Hacker News

This is great, I'll be returning to this tool often. Thanks.

A few suggestions and ideas for futher projects.

-allow for "keyword", -negate operators and "mult word string" searches, [Pubmed](https://pubmed.ncbi.nlm.nih.gov/advanced) is what I'd consider an Ideal search interface

-allow for regex, or direct sql lookups with limited query time ratelimited by POW. for example, if the server is under load, require a token from something like [anubis](https://anubis.techaro.lol/) and lower the maximum DB query time

-Index the title of all discussion/forum type posts with a VectorDB for semantic search. And add an option to sort by replies. (Like [answer overflow](https://github.com/AnswerOverflow/AnswerOverflow))This would make it possible to find relevant discussions among ~60B messages. ScyllaDB doesn't support vector search, so I'd suggest something like [usearch](https://github.com/unum-cloud/usearch) for a detached index. Embedding models are faster and smaller than most people realize, pick whatever's on top of the [mteb leaderboard](https://huggingface.co/spaces/mteb/leaderboard) after deciding on size.

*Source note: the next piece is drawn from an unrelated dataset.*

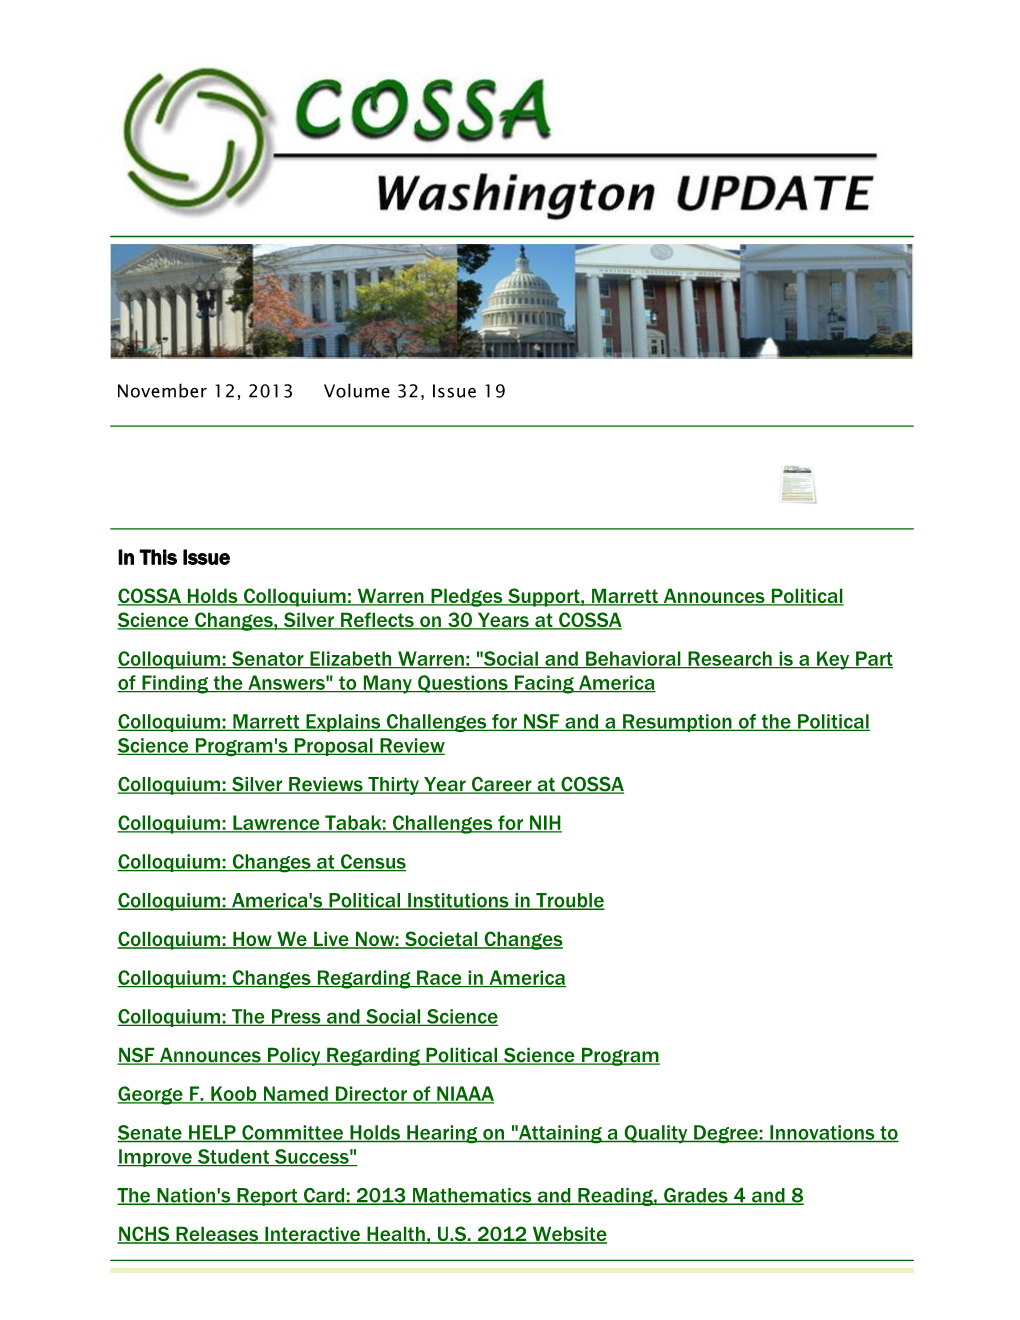 In This Issue COSSA Holds Colloquium: Warren Pledges

-calculate the jaccard similarity (user overlap) between discord server members, this would allow for searching in "similar" severs, and potentially, mapping discord. [github](https://anvaka.github.io/map-of-github) [reddit](https://anvaka.github.io/map-of-reddit)

-fix doxing. Searching by <@userid> is currently possible.

-expect the alternative to the cloudflare captcha to be abused, it's too simple for modern solvers.

-open source the stack? I'm interested in the scraper.